RECORDS SUPPLIED section start

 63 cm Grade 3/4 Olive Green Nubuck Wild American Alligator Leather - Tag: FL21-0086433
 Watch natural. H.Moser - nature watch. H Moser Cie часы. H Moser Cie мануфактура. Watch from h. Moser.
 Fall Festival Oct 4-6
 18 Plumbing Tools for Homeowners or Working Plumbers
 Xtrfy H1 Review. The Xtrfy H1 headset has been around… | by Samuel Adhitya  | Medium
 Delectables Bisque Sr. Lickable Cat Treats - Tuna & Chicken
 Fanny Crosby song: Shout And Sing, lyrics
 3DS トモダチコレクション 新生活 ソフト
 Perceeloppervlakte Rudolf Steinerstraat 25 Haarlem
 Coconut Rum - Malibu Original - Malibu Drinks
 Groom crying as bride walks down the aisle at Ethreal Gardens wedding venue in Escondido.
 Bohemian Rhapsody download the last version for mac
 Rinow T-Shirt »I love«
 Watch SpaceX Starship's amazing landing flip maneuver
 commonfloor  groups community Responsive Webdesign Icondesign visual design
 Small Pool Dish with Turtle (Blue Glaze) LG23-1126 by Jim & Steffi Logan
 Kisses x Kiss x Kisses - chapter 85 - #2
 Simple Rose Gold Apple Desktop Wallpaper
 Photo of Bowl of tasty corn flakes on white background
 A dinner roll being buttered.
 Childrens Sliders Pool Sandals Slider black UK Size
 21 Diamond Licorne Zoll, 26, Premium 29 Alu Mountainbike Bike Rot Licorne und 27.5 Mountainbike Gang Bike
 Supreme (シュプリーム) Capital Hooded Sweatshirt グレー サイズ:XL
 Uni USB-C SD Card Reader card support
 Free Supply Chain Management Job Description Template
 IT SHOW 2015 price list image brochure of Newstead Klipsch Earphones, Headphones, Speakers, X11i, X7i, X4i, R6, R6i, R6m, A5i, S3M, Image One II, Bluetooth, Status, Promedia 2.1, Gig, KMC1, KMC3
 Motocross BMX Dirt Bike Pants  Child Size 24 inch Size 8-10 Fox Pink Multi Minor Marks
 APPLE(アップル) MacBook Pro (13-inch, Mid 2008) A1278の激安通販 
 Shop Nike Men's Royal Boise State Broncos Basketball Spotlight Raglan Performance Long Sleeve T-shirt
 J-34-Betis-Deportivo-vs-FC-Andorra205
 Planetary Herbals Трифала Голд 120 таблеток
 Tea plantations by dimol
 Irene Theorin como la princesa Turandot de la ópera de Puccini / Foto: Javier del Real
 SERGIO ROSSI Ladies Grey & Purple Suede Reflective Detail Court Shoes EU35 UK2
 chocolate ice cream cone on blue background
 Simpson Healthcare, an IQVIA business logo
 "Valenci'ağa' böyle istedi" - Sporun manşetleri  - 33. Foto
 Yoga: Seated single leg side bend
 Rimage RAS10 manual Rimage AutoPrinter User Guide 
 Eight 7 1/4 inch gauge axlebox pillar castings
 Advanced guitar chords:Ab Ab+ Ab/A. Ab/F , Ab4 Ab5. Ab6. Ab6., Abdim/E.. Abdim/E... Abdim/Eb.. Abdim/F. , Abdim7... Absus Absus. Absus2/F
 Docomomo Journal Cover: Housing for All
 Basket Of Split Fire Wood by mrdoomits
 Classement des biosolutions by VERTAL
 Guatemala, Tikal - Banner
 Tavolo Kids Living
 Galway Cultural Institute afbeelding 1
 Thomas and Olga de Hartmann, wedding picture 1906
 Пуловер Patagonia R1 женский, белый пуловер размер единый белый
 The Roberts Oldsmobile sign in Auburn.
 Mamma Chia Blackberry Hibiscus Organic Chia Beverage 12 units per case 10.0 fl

RECORDS SUPPLIED section end

PROBLEM STATEMENT: Write the lines out exactly, from the one with "Пуловер Patagonia R1" down to the last line of the listing, and leave out all others.

RESPONSE AREA:
 Пуловер Patagonia R1 женский, белый пуловер размер единый белый
 The Roberts Oldsmobile sign in Auburn.
 Mamma Chia Blackberry Hibiscus Organic Chia Beverage 12 units per case 10.0 fl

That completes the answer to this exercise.